I've NEVER disagreed with David before. However, I must here.
Remember that natural gas and/or propane is under far less pressure than your compressor can put out. I was advised to use rigid copper or cpvc. Copper is way too expensive, so I used cpvc and left the ditch open for a month to check my joints for leakage. It's been underground for 12 years now, with no problems. I only went 20' and I'm in AZ. It does freeze here, but so far, no busted air pipes. Have had some plastic water pipes to the irrigation system break, though.


----------



## Maggiepic (Aug 26, 2010)

I would go along Bently's line of thought. Run 1 1/4" plastic electrical conduit and then pull a 3/8" polyurethane air line through it. No worries of flex problems and if you ever have leaks in the the future, just pull a new air line through it. 
Do the same with your power feed, put it in conduit


----------



## patron (Apr 2, 2009)

all great information

so much to learn
just with the proven things

with the new products and advances

there seems to be no way to learn it all

why LJ's sharing is so good


----------



## KentS (May 27, 2009)

David, my dad had black pipe for airline in his shop for years. Trust me, rust coming out at 100 PSI as you blow dust off you clothes is painful. (For the safety concious among us, yeah I know, don't use compressed air for that. But we have dark purple carpet in our bedroom and bath. Would you rather deal with high pressure air--or *HER* ! I use galvanized now, but it is not in the ground.

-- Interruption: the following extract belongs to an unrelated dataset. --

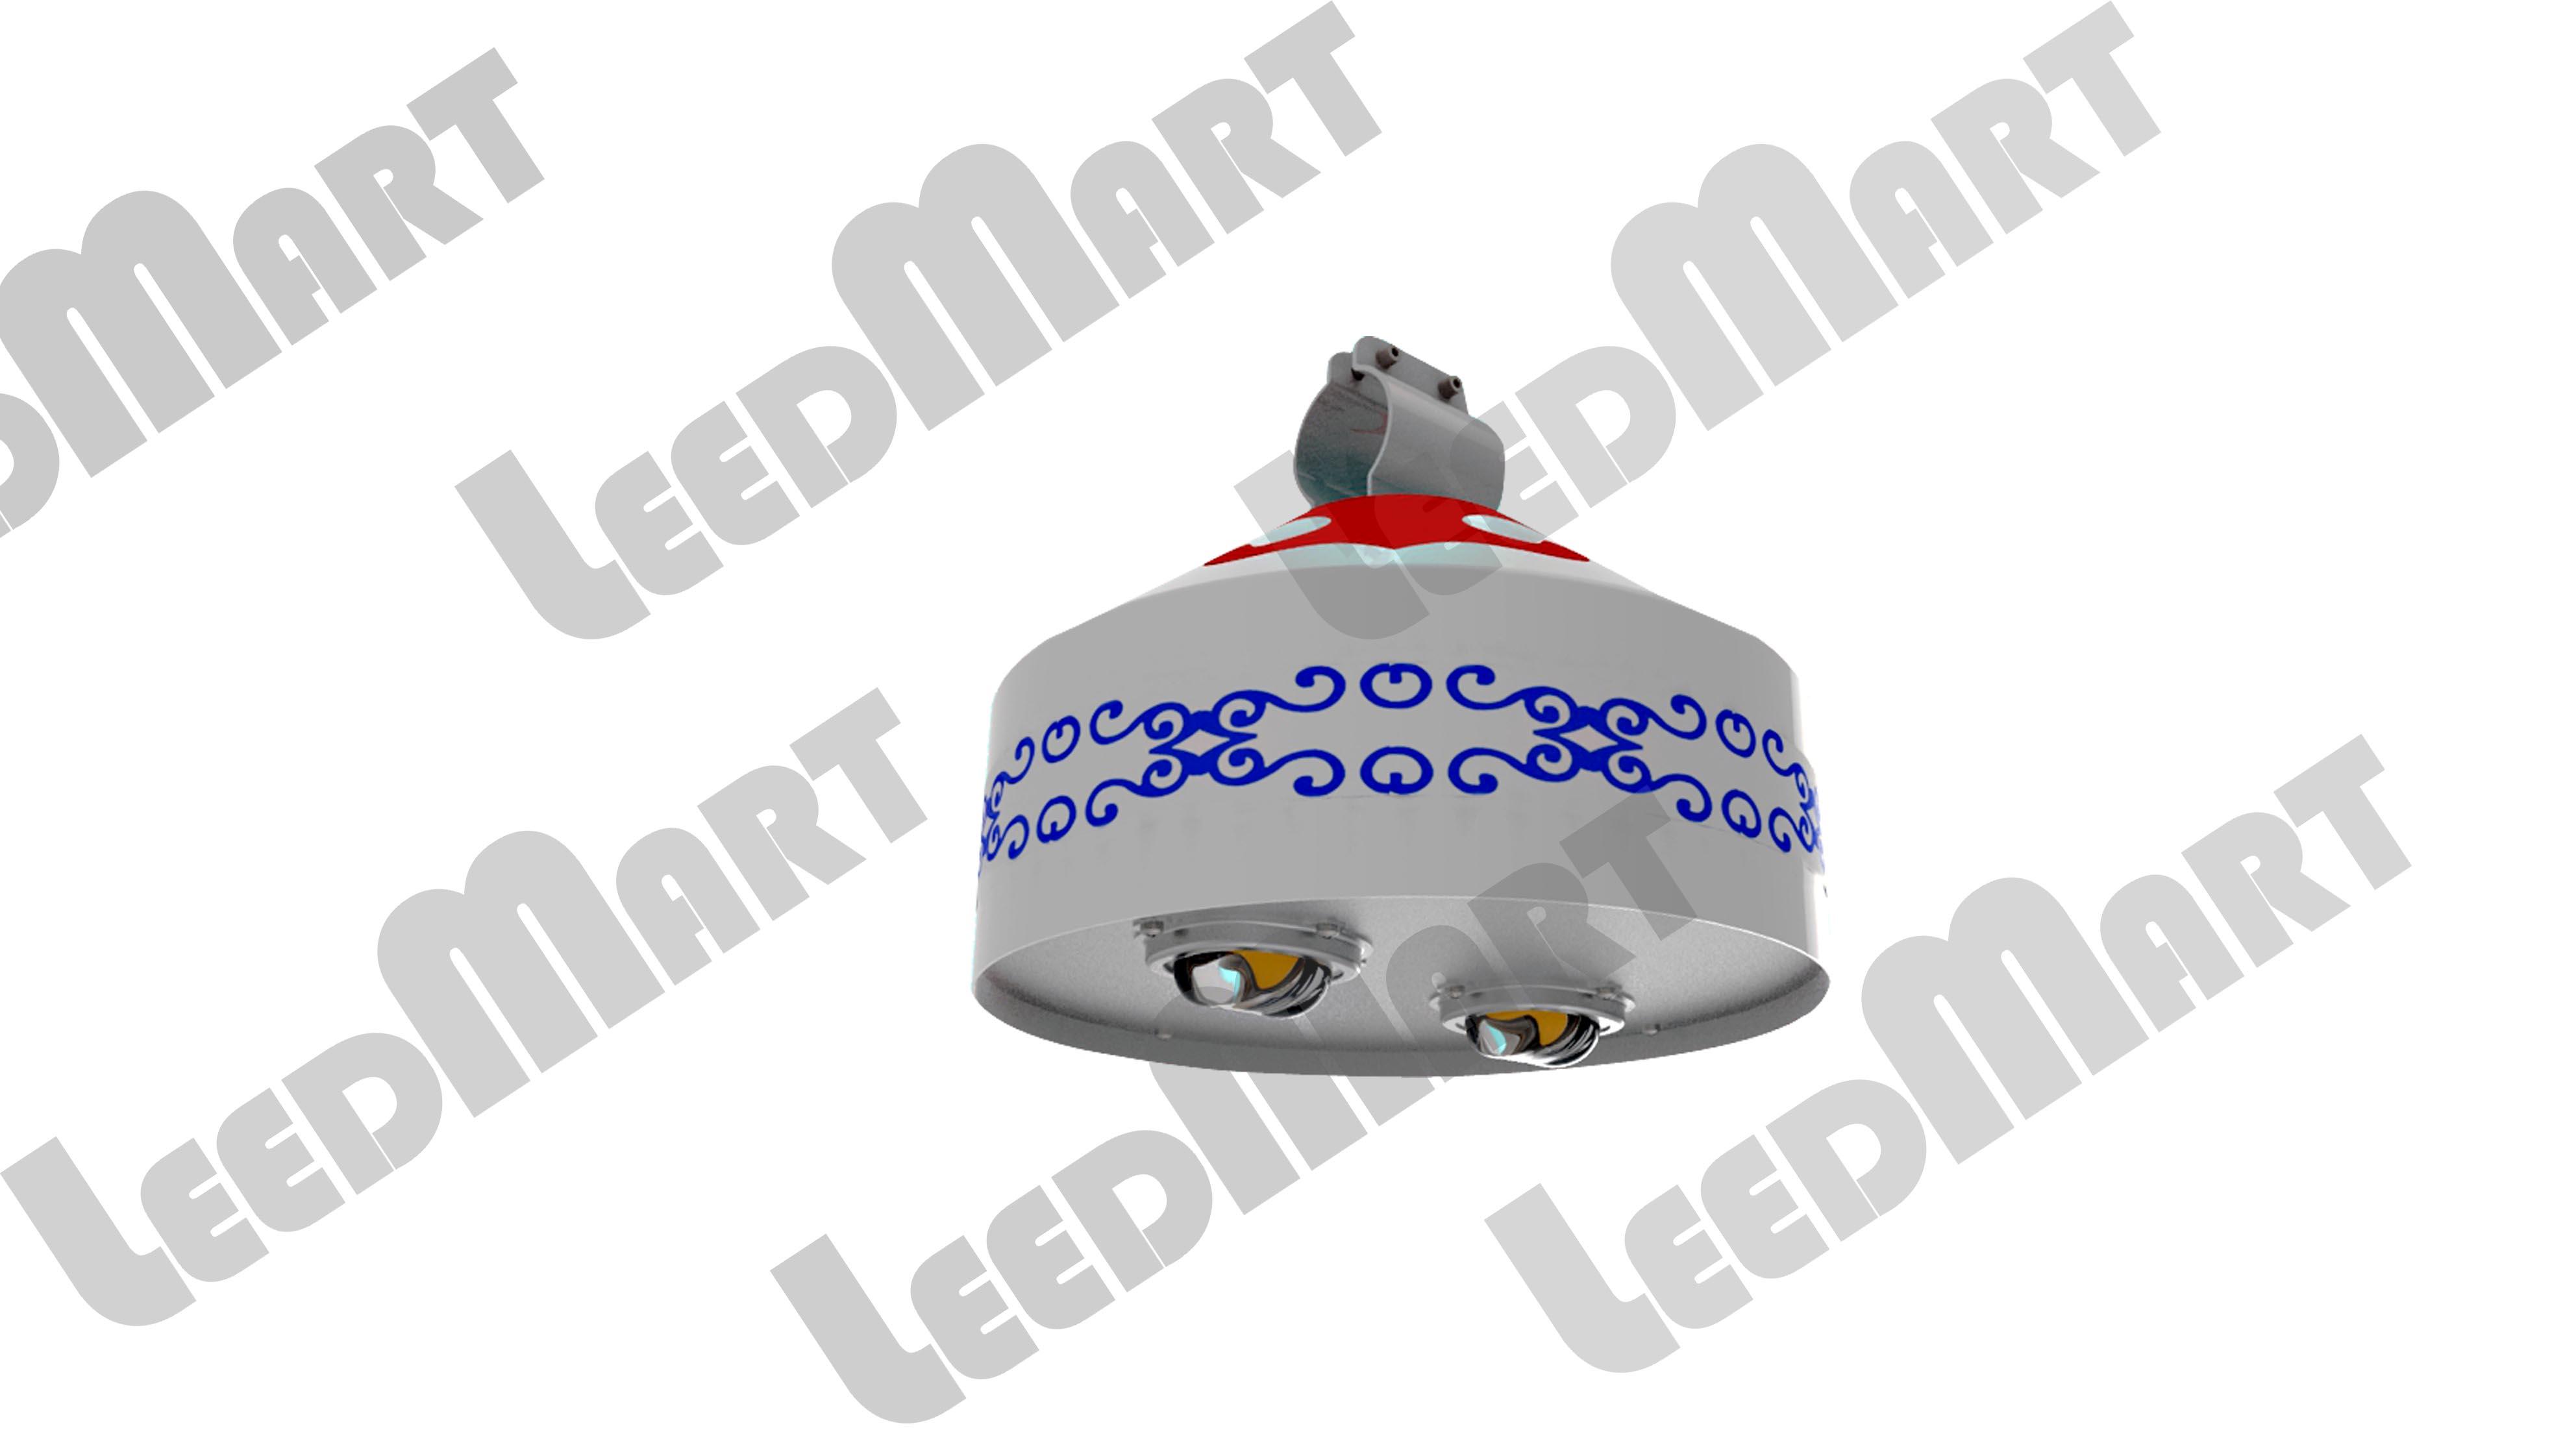 Mongolian yurt style IP65 60 watt -210 watt 25200 lumen LED Street Light

I think I like bentlyj's idea-that is worth thinking about.

All that said, I prefer airlines and dust collection pipe to run overhead. Not as pretty, but it sure is easier to change when you need to-and I find I need to frequently.


----------



## Gregn (Mar 26, 2010)

Actually Bentlyj your idea isn't as weird as you may think. You and GaryL just continue to confirm what some locals have suggested to me as well. In fact by doing it that way it would keep cost down as I already have the air hose as well to use. So now talking about the frost line and keeping the air line from freezing has me thinking I may need a small heater in the shed to help keep water from freezing in the tank on those cold winter days and nights.


----------